Erratic Spaces in Words while reading from PDF

dpatro commented 10 years ago

Hi,

I have just started using PDFminer. Its solves my purpose of reading PDF along with preserving the fonts information.

But I am facing some issues with th read content. There are some erratic white spaces coming in the words. Attached pics.

screenshot from 2013-11-04 16 56 06

screenshot from 2013-11-04 16 59 51

The Source pdf is : http://www.mckinsey.com/~/media/McKinsey/dotcom/Insights%20and%20pubs/MGI/Research/Technology%20and%20Innovation/Big%20Data/MGI_big_data_full_report.ashx

I have also done 'print to pdf' before running the tool 'pdf2text' on it.

medecau commented 10 years ago

pdf2txt is untrustable.

Everytime I use it I export to xml and then write an ectractor script using BeautifulSoup.

dpatro commented 10 years ago

@medecau I tried your way. But there is a problem with the size of xml being generated. Also it is taking a lot of time even for a 2 MB PDF. Is there a scalable solution to this? I will be using this program in a production environment. If you have any implementation ready can you please refer to it?

Also, are there any other alternative solutions to this problem?

medecau commented 10 years ago

I don't know of any solution that would let you build your on programmatic extraction. I haven't done much exploring in that regard mostly because the content I usually extract is tabular and the extraction process requires some "smart" selection of the contents.

Regarding the size and time it takes to process install directly from github, the version available on pypi seems old and slower. Then try loading the xml like this:

```BeautifulSoup(contents, 'lxml')```

One other thing you can try is loading the pdf in memory and work with it using the pdfminer api. I was unable to understand the data structure used for pdfminer and went with the steps described. You can even try this with PyPDF2 which seems to be pretty fast.
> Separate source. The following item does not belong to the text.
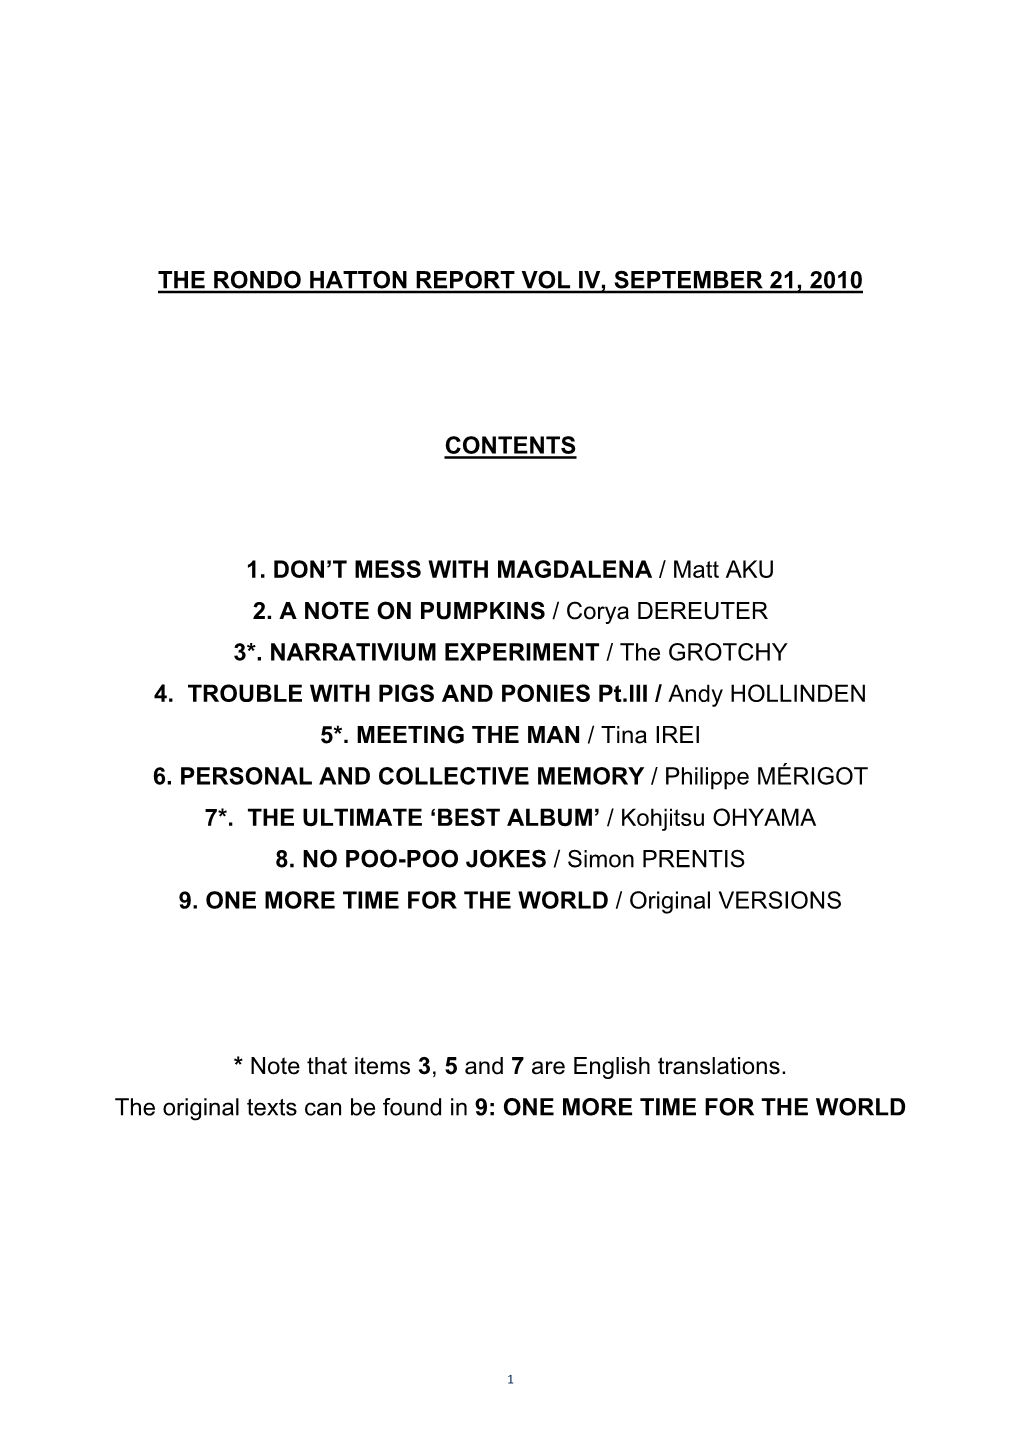 The Rondo Hatton Report Vol Iv, September 21, 2010

dpatro commented 10 years ago

@medecau Thanks for the quick reply!

Will give the github source a try tomorrow and update.
I agree that the API should work a bit faster as the generated XML will be in memory instead of being written to a file. Till now I was stuck with finding the proper documentation. I think this is the one I should have been referring to: https://github.com/euske/pdfminer/blob/master/docs/programming.html
My requirement is to have the font size details along with the text from the PDF. For this reason I didn't go for pyPDF.

Thanks again, will be updating soon :)

medecau commented 10 years ago

Note that I referred to PyPDF2 not PyPDF. And I only meant that for speed. It is orders of magnitude faster. I think it has to do with JIT parsing.

To install from the repo:

pip install -U https://github.com/euske/pdfminer/archive/master.zip

I just wish that there would be a way of interacting with the PDF the same way one is able to interact with a BeautifulSoup object after loading the xml generated by pdf2txt.py

lVlayhem commented 10 years ago

I have whitespace in words too.

euske commented 10 years ago

You can disable automatic space insertion by giving -W0 option, or -n to disable the entire layout analysis.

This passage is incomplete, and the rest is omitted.